== WHAT IS EXPECTED ==
Return the following from the records below: each line, word for word, starting with the line that contains "Battle.net 여름 할인의 막이 올랐습니다!" and going on through the line that contains "A vintage retro", with nothing outside that range.

== MATERIAL TO PROCESS ==
----

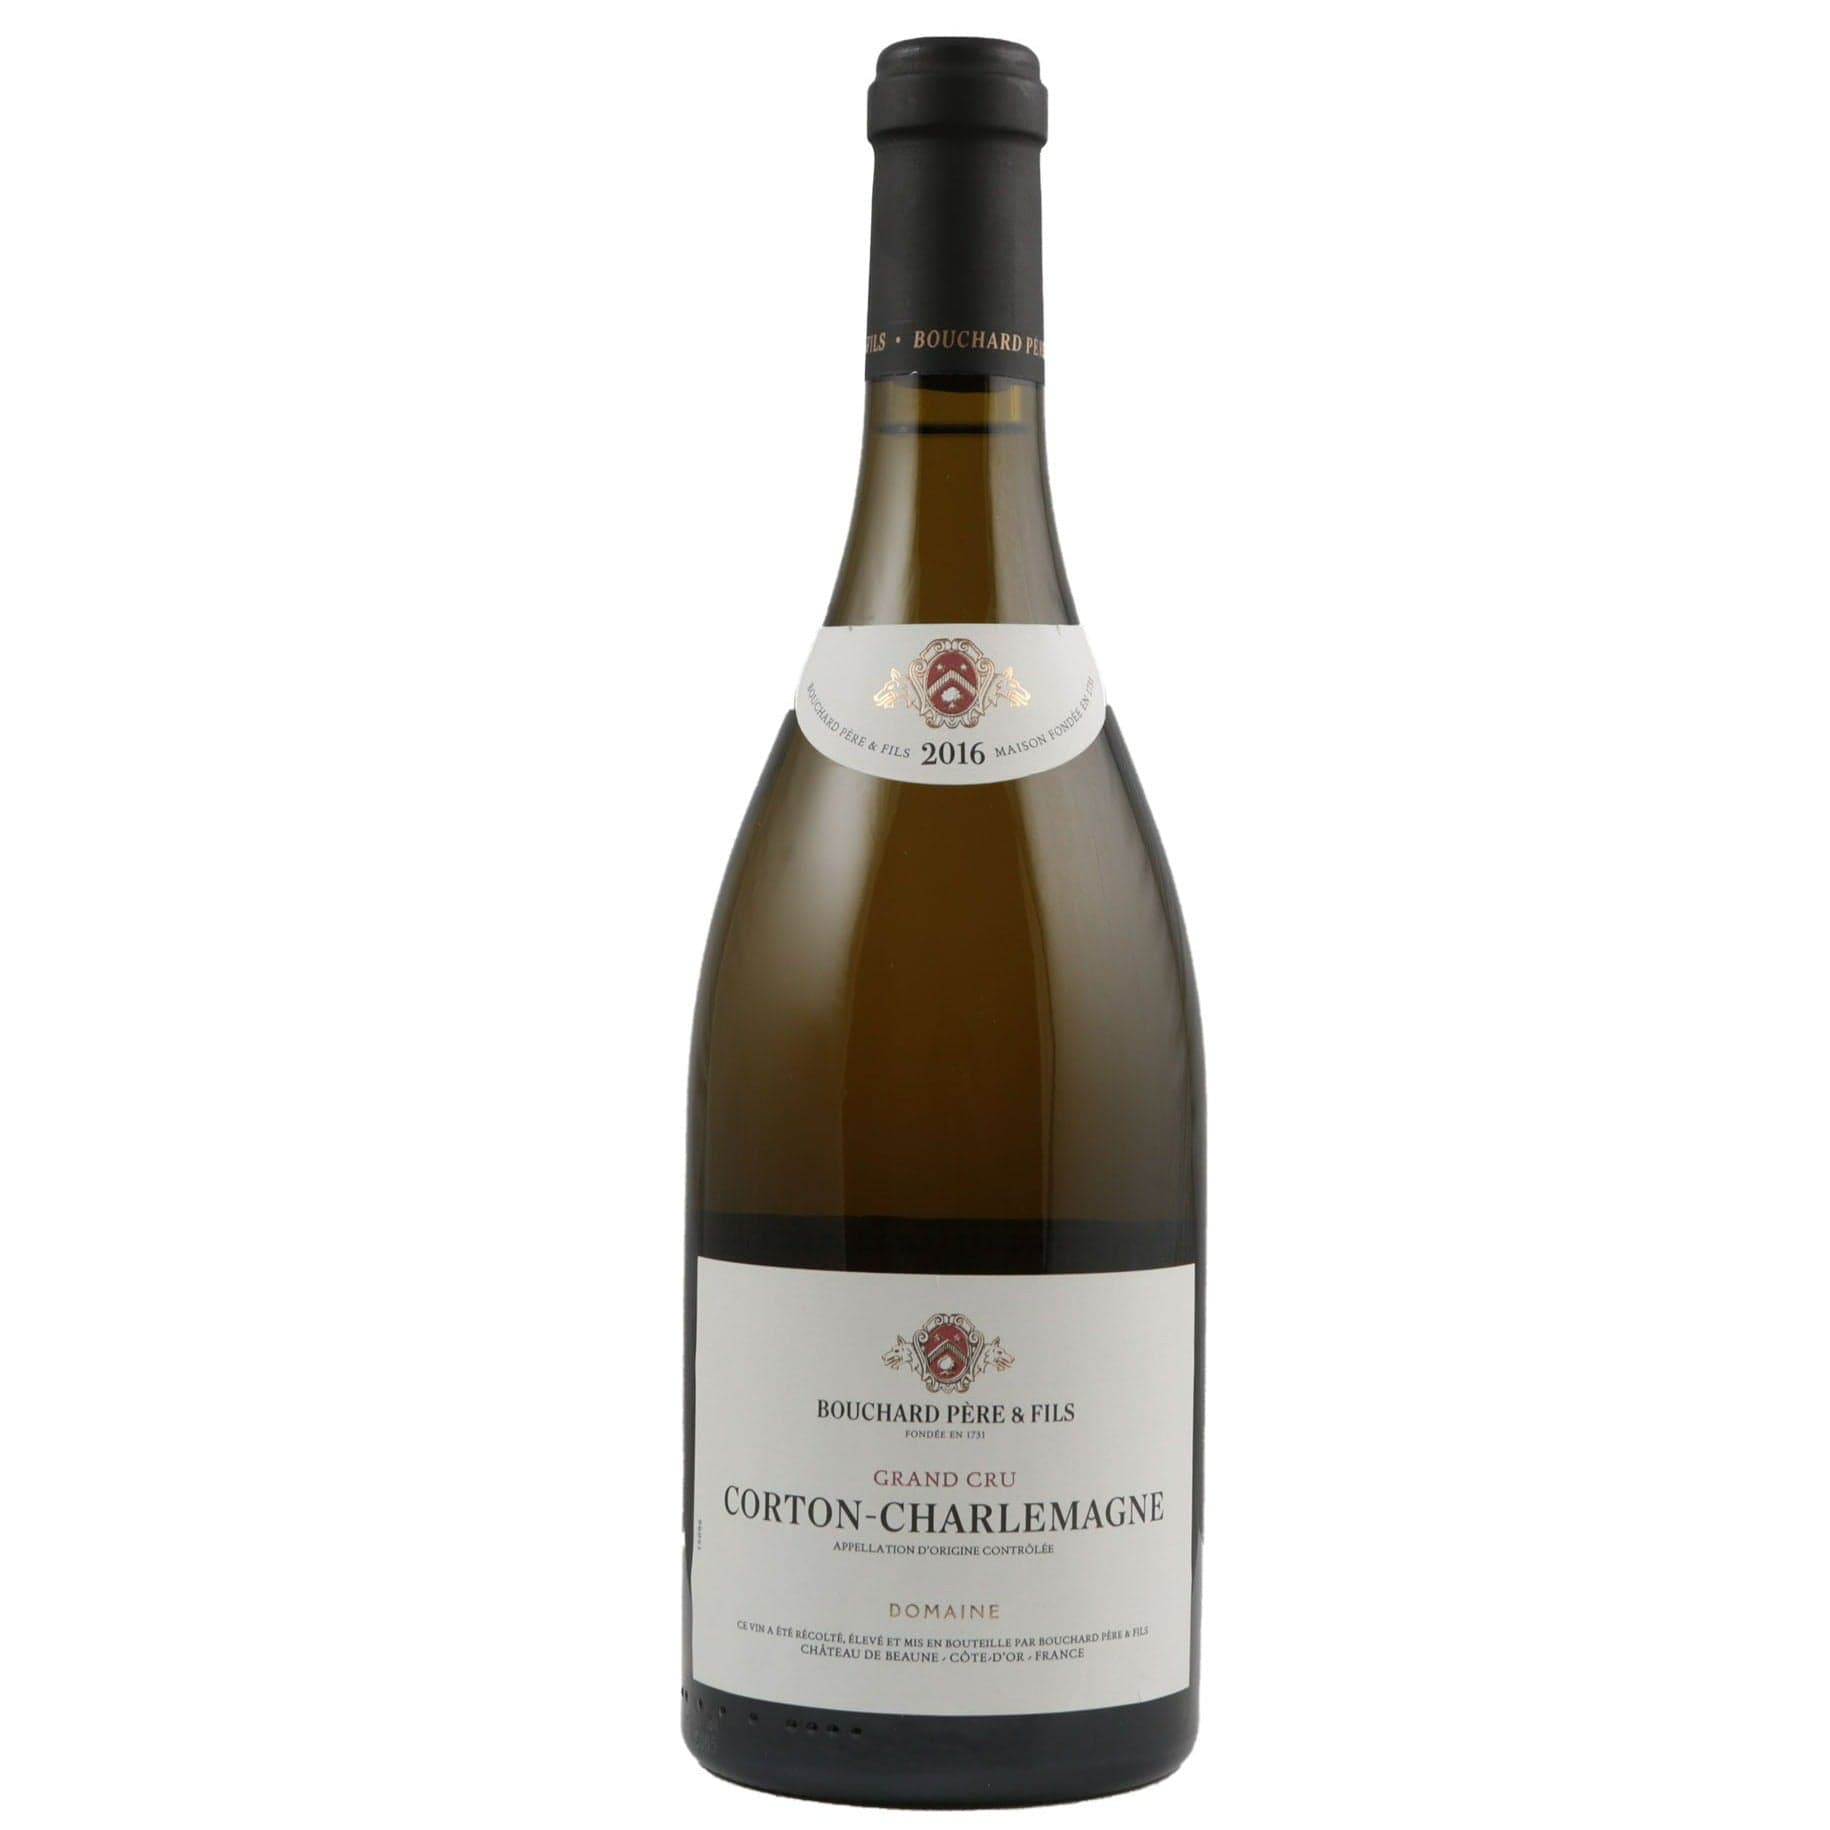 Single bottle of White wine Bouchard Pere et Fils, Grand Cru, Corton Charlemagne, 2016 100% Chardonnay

----

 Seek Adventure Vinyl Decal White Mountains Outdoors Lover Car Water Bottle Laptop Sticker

----

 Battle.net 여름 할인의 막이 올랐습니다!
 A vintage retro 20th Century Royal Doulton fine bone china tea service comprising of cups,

----

== RESULT ==
 Battle.net 여름 할인의 막이 올랐습니다!
 A vintage retro 20th Century Royal Doulton fine bone china tea service comprising of cups,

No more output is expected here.